What needs to be done.
As the answer, give exactly the lines of the records below from the one with "Motul 300V Factory" through the one with "9c20e3eabb6 Mack Men's", ends included and pictures left out.

Input data.
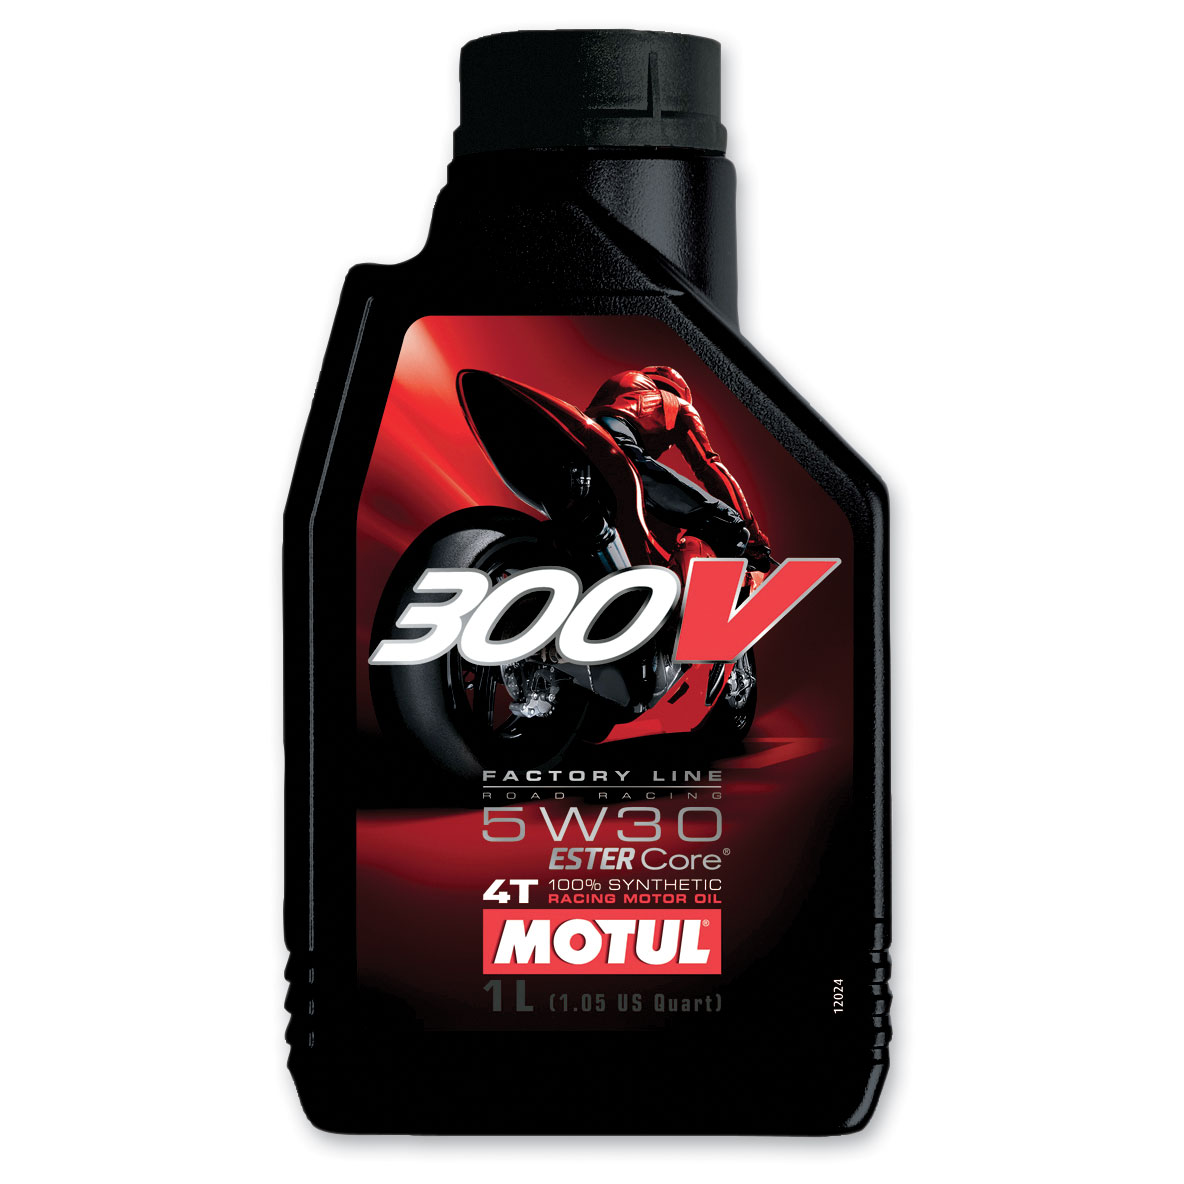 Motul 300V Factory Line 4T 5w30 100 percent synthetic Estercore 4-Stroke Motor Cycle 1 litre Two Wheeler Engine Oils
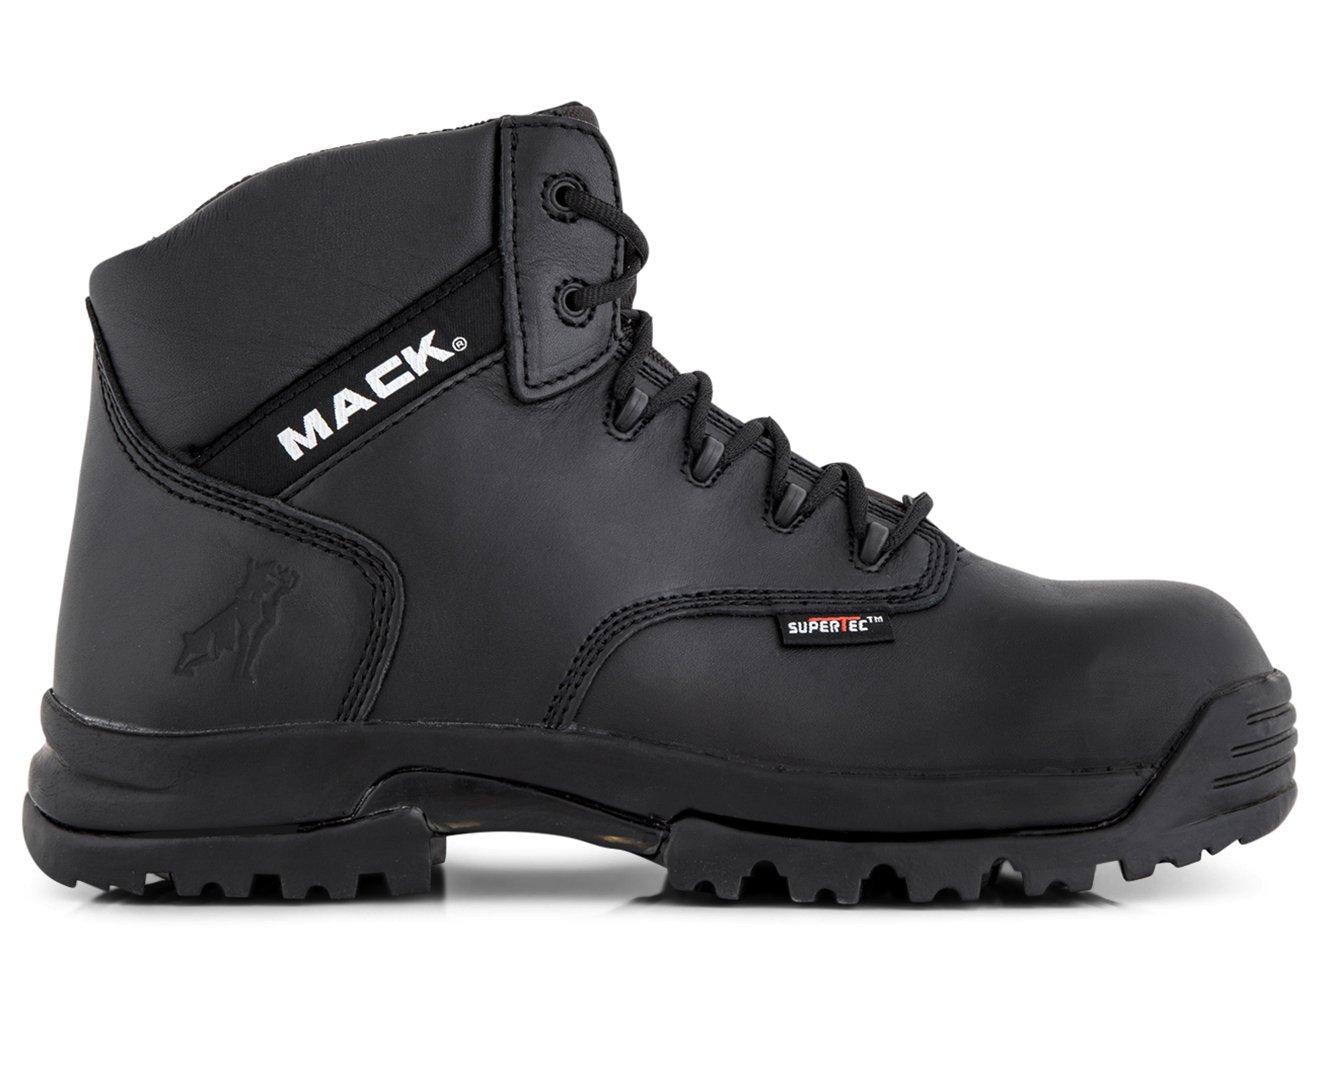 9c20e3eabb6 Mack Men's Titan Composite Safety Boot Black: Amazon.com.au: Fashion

--

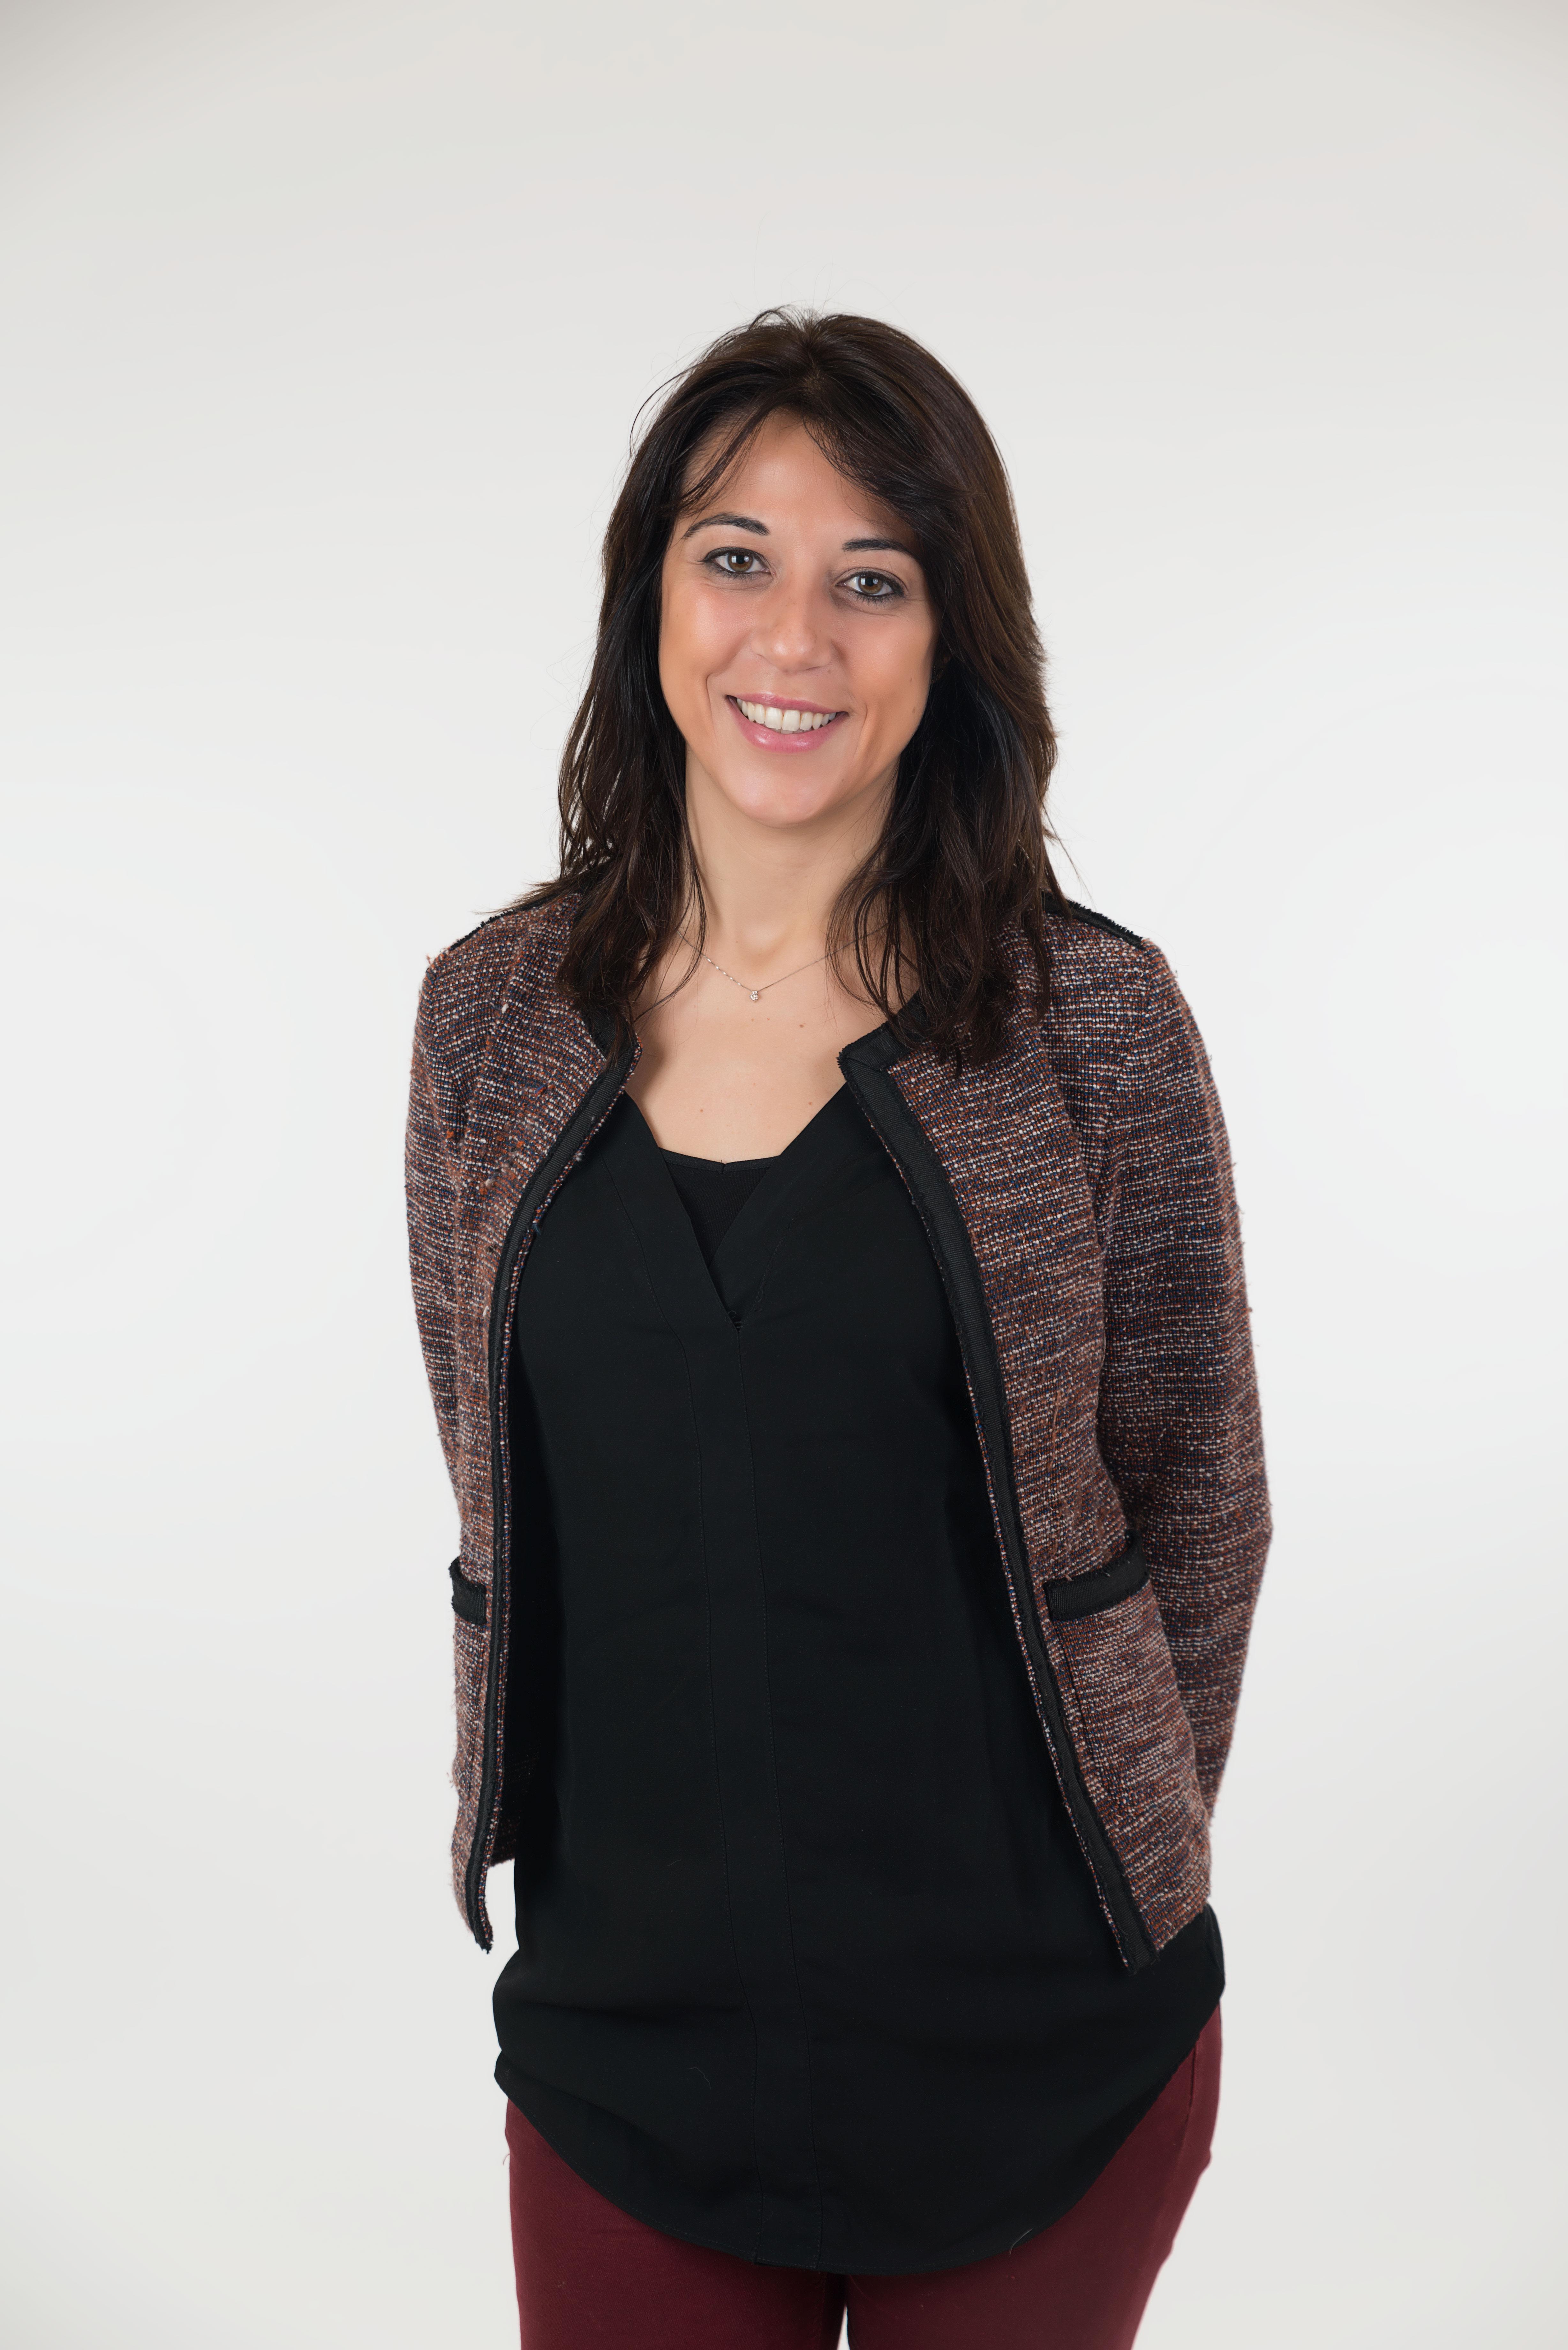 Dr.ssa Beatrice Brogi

Exercise output.
 Motul 300V Factory Line 4T 5w30 100 percent synthetic Estercore 4-Stroke Motor Cycle 1 litre Two Wheeler Engine Oils
 9c20e3eabb6 Mack Men's Titan Composite Safety Boot Black: Amazon.com.au: Fashion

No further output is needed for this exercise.